• What is required: Please print the line that holds "PANTONE 4270 C - Colorxs Quad Palette" and each line after it to the end of the data, word for word, without any pictures.

• Given data:
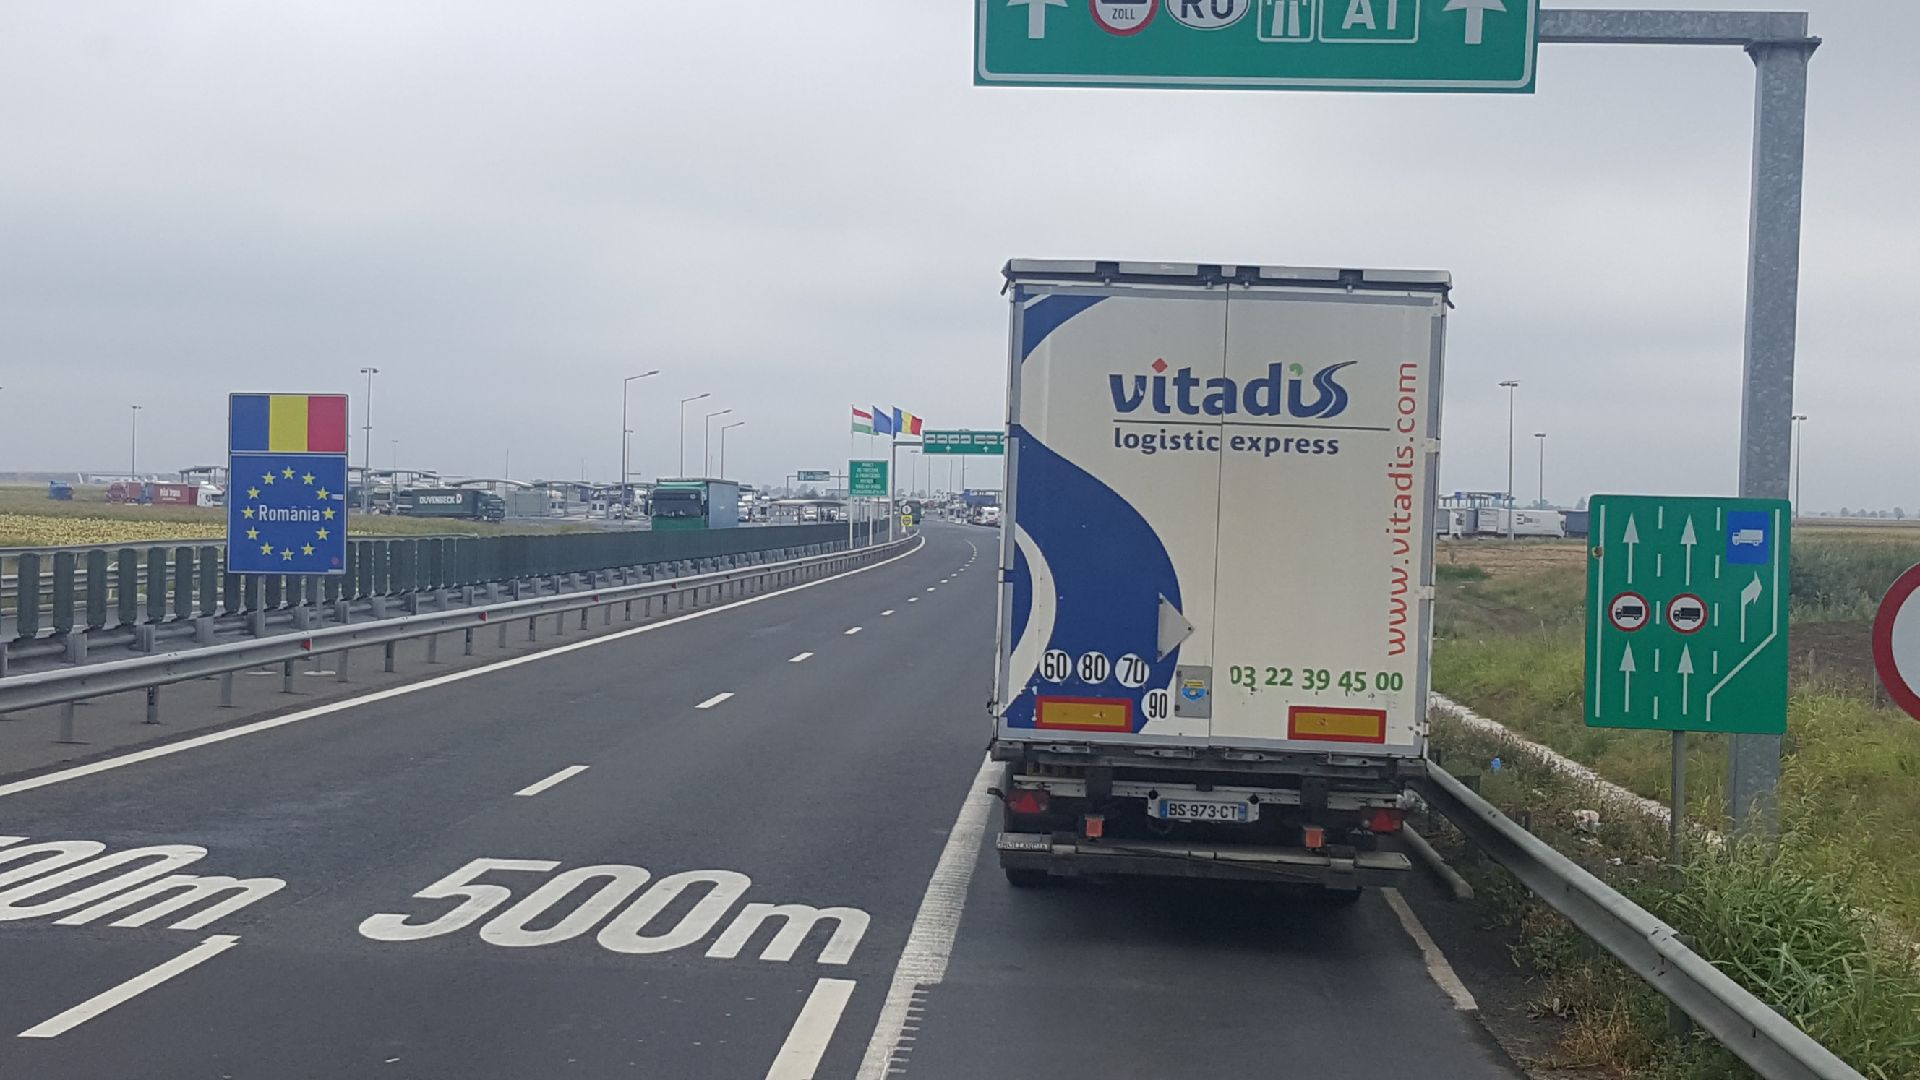 Vitadis transport routier depuis l Allemagne vers la Roumanie
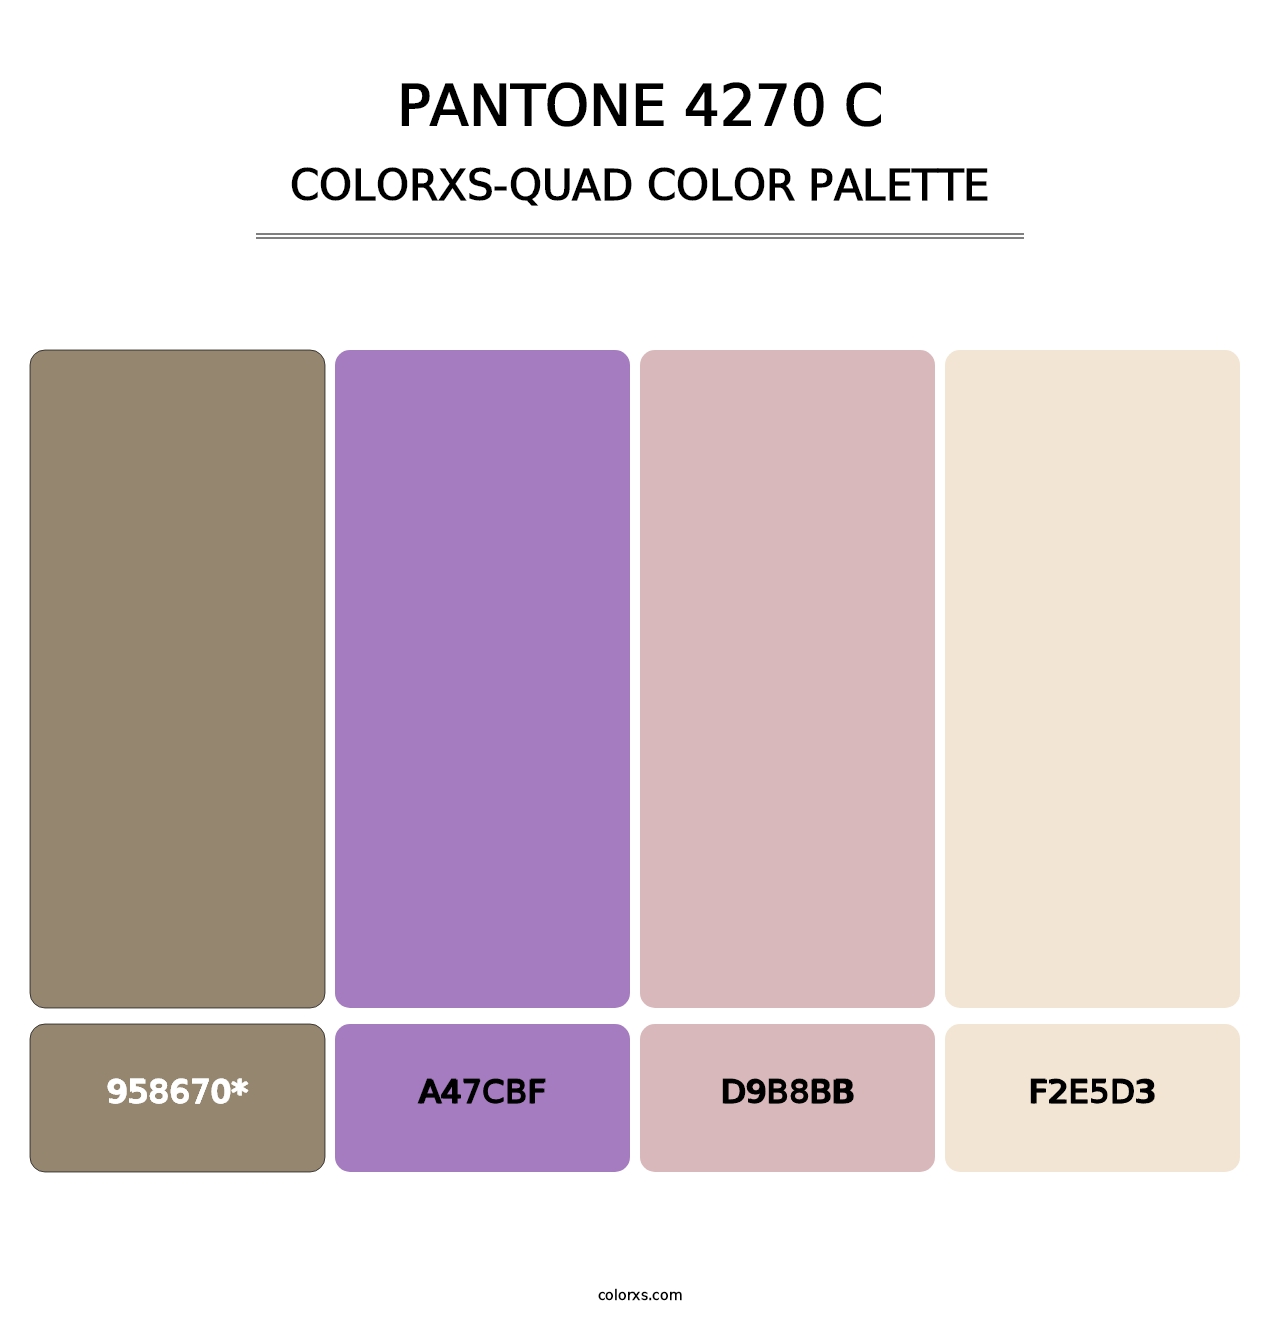 PANTONE 4270 C - Colorxs Quad Palette
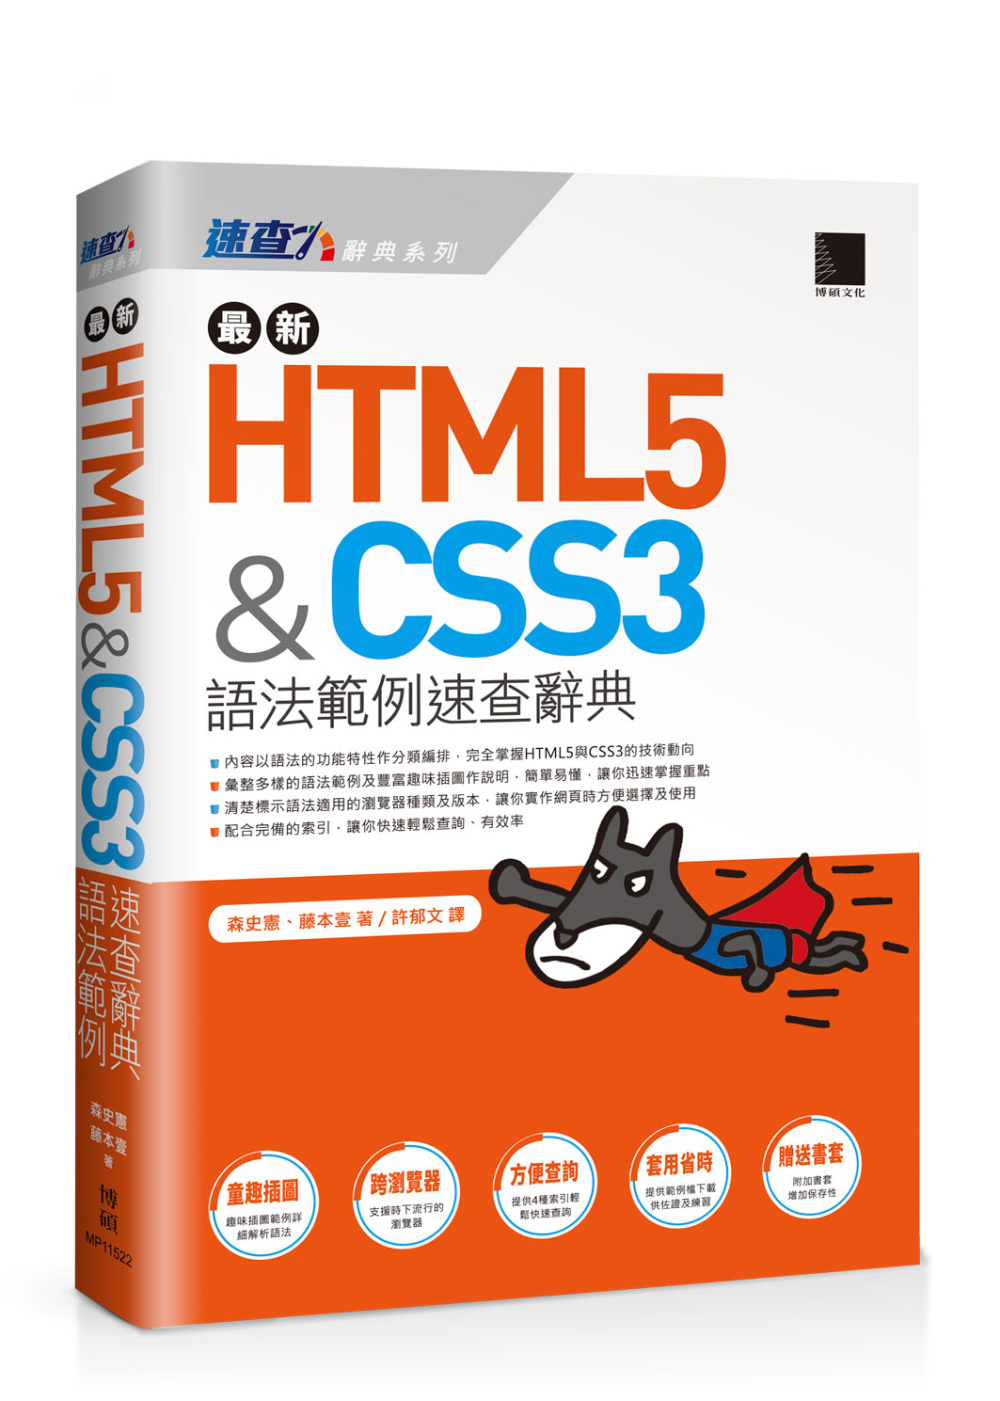 最新HTML5&CSS3;語法範例速查辭典
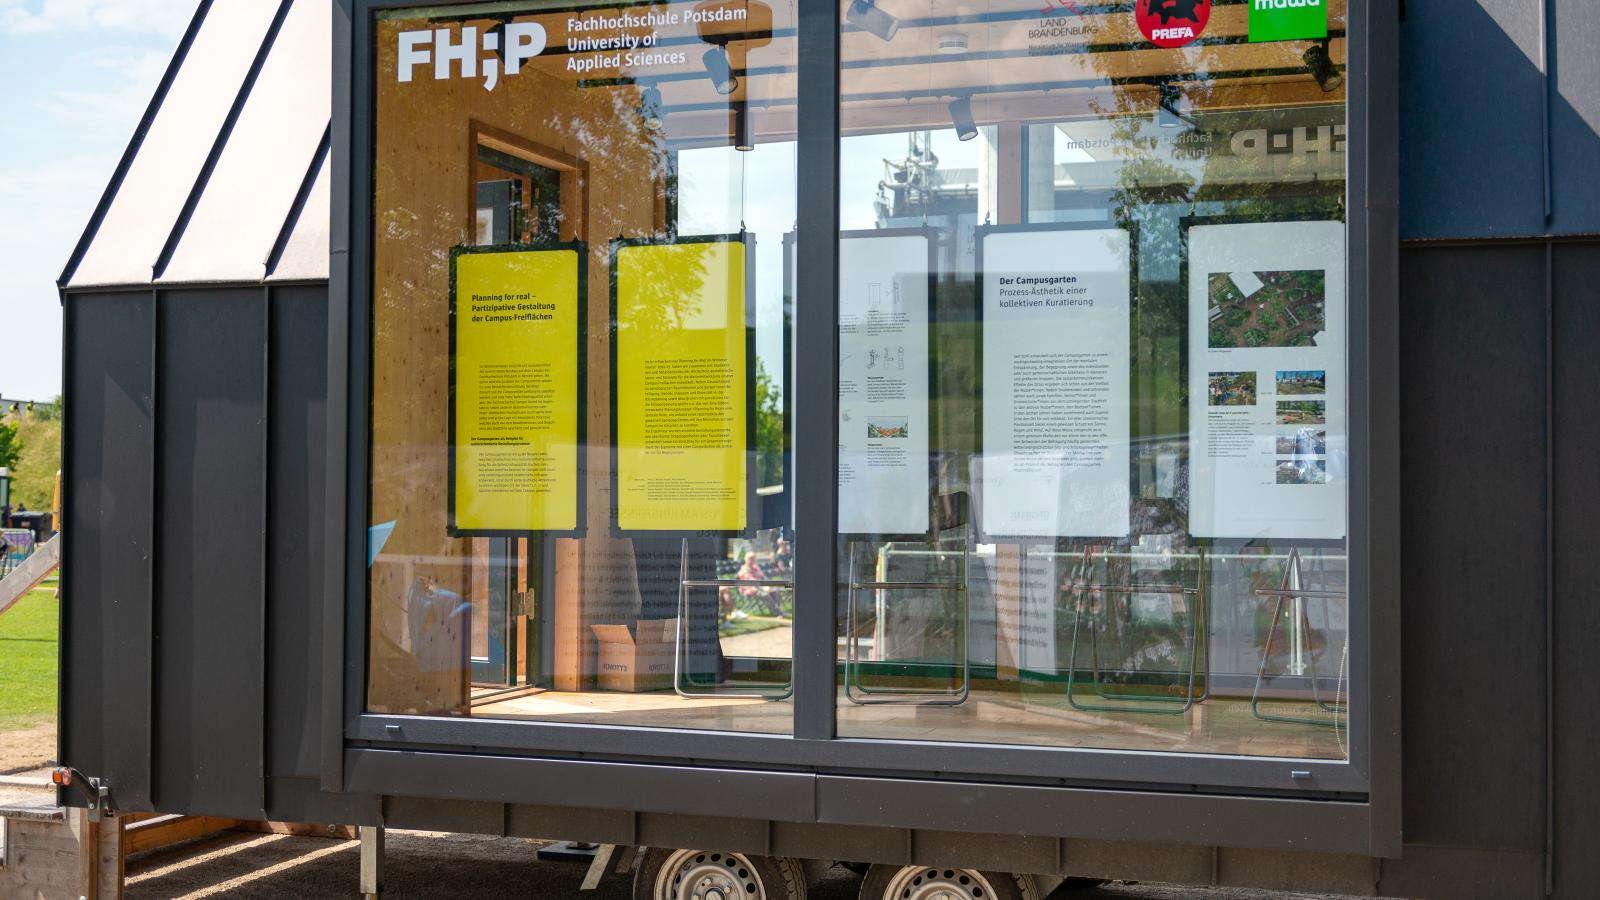 Das FHP Mobil präsentiert das Projekt "Planning for real" bei DREISSIG!, dem Fest zum Jubiläum des dreißigjährigen Bestehens des Stadtteils Potsdam Bornstedt im Volkspark Potsdam

• Problem solution:
 PANTONE 4270 C - Colorxs Quad Palette
 最新HTML5&CSS3;語法範例速查辭典
 Das FHP Mobil präsentiert das Projekt "Planning for real" bei DREISSIG!, dem Fest zum Jubiläum des dreißigjährigen Bestehens des Stadtteils Potsdam Bornstedt im Volkspark Potsdam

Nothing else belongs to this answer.